Visit Turkey recently? If you have, air marshals may be snooping on you during your domestic travels.

Among the travelers followed under a secret Transportation Security Administration (TSA) program recently exposed by the Boston Globe were a professional basketball player and a social media manager for an arts and crafts company.

Neither of these women was actually suspected of any sort of criminal or terrorist activity. Nor, apparently, were thousands of others surveilled and trailed under the TSA's Quiet Skies program, which launched in 2012 and expanded significantly this year. But Courtney Vandersloot, the basketball player, and Taylor Usry, the social media manager, were tracked by air marshals and were subjected to heightened security screening, all because they had gone to Turkey.

The Boston Globe tracked down Usry in Williamsburg, Virginia. She wasn't spied on during her trip to Turkey, where she took some arts-and-crafts courses. It was when she returned that the surveillance began. In July she flew to Florida for work.

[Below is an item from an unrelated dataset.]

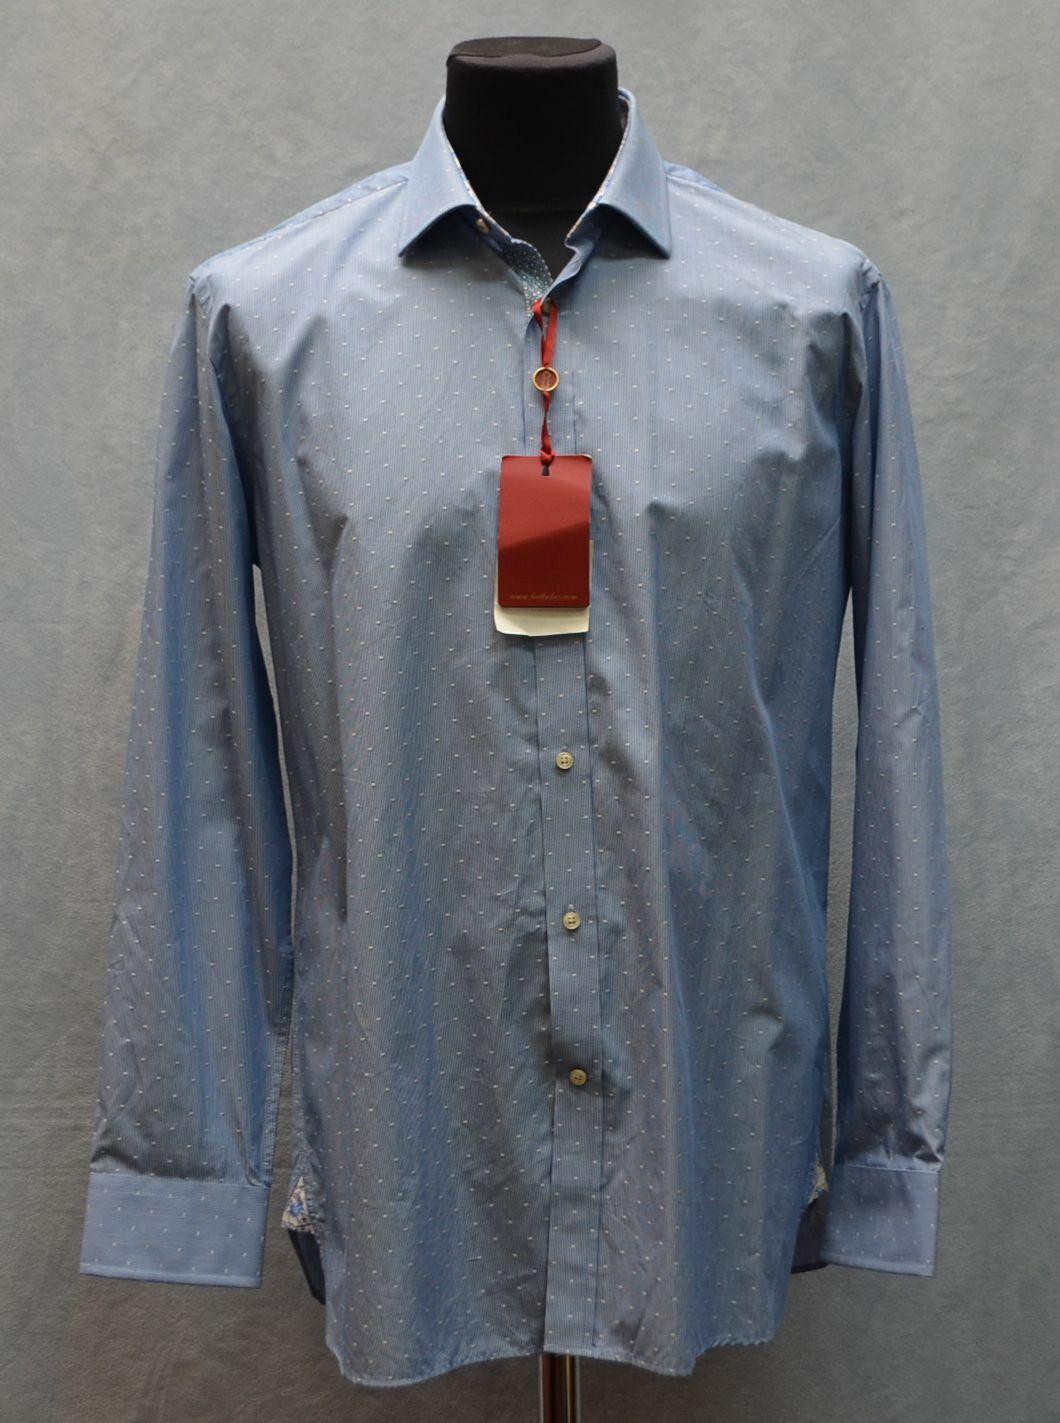 A5  NWT TED BAKER Endurance Blau Dot Cotton Long Sleeve Shirt Größe 34 35    120

Plainclothed air marshals followed her, kept track of everything she did, kept records of her behavior, and even rode on the flight with her down to Tampa to keep tabs on her.

That's creepy enough, but she was also subjected to very extensive hands-on screening and security pat-downs—intrusive enough that they made her cry, she tells the Boston Globe. She also had an encounter in line with a chatty, friendly man who asked her all sorts of questions that she now sees in a new light. (Her husband thought the man was flirting with her.) She was also selected for one last "random" bag check at the gate.

Vandersloot went to Turkey to play professional basketball there. She has a work visa to do so, and she says the U.S. government knows full well what her business in the country was. She even qualified in 2016 for a program that expedites travel clearances for people who are considered low risk. Nonetheless, she tells the Globe that she was singled out for extensive searches during her domestic trips.

Civil rights and privacy groups are up in arms. The secretive surveillance appears completely unattached to anything resembling risk or threat assessment: Essentially the program calls for suspicionless surveillance of Americans for the purpose of finding out whether they're a potential threat. Some air marshals themselves have criticized the program, not being enthusiastic about spending their time spying on people who are not under investigation for any actual wrongdoing.

But the TSA has defended the snooping and says it will continue, despite its intrusiveness, its ineffectiveness, and the fact that many of the people carrying it out think it's a waste of time.